Podemos dizer que era uma mulher “brasileira”, não apenas pelas inúmeras viagens e padrões culturais e domiciliares a que fora submetida; era uma mulher jovem e bela, de tez amorenada – cor de jambo “musical”, de expressivos olhos azuis e amendoados, dotada de uma compleição física que se afigurava mais adequada a uma passista de carnaval ou a uma modelo brasileira do que a uma cientista espacial. Em suma, seu rosto de tons leves e sutis, seu cabelo edulcorado em pequenas cachoeiras castanhas, seu perfil de curvas adequadamente angulosas, e sua expressiva voz roucamente gutural lhe davam enorme vantagem na seleção natural darwiniana no átimo de chamar a atenção de homens e mulheres.

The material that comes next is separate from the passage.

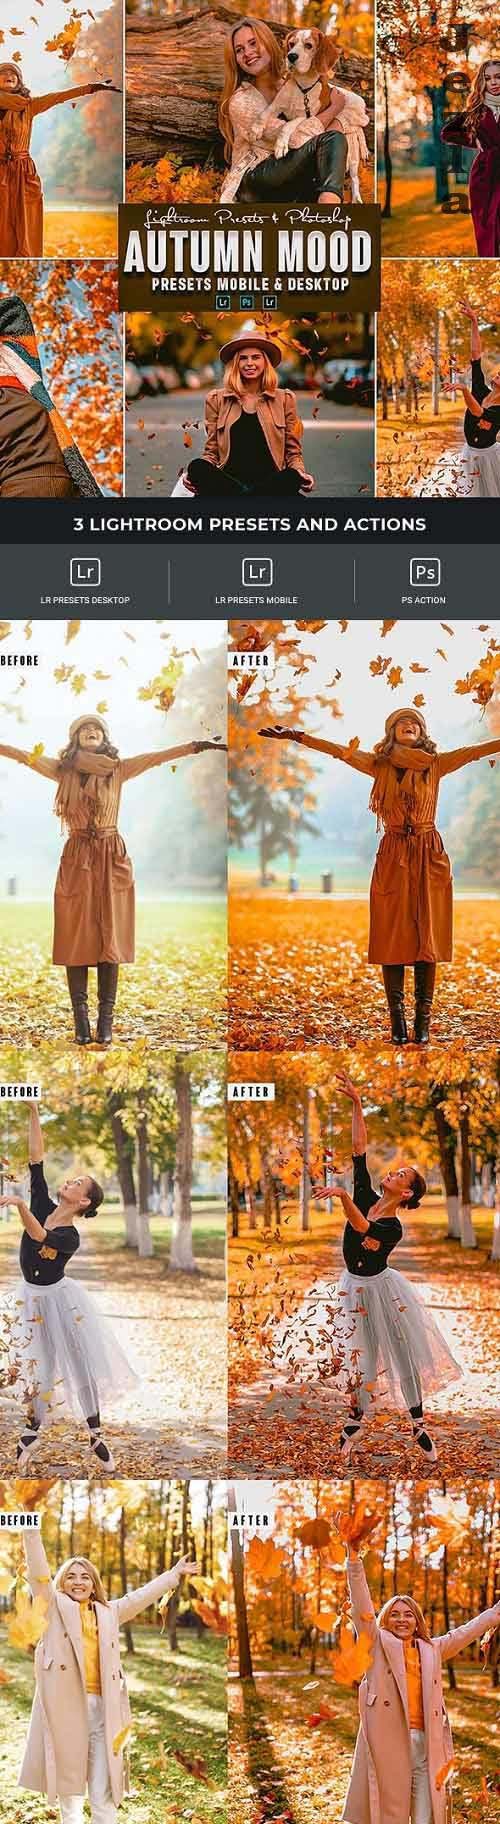 Autumn Photoshop Action & Lightrom Presets - 34298026

Era uma gata de abalroar o trânsito e causar terremoto no quarteirão, para usar um linguajar mais coloquial.
De temperamento dócil, mas reservado e opiniático, soubera se impor perante os colegas de trabalho, passava pelo menos 15 horas por dia trabalhando em meio a um universo basicamente masculino, que a admirava e a respeitava, e de tal forma era seu procedimento que não obstante sua beleza estupefaciente, ficara amiga ou colega de esposas, namoradas e companhias eventuais de seus colegas homens, sem que nunca causasse ciúmes ou intrigas após ser conhecida pelas companheiras de seus pares laborais. Elas jamais falaram entre elas ou com seus próprios homens sobre isso, mas, no íntimo, sabiam que ela era demais para o bico deles, estava em outro patamar na escala social do amor, e não havia perigo de dar certo qualquer possibilidade de investida da parte de nenhum destes – não que estes não o quisessem, mas sabiam derrotados de antanho.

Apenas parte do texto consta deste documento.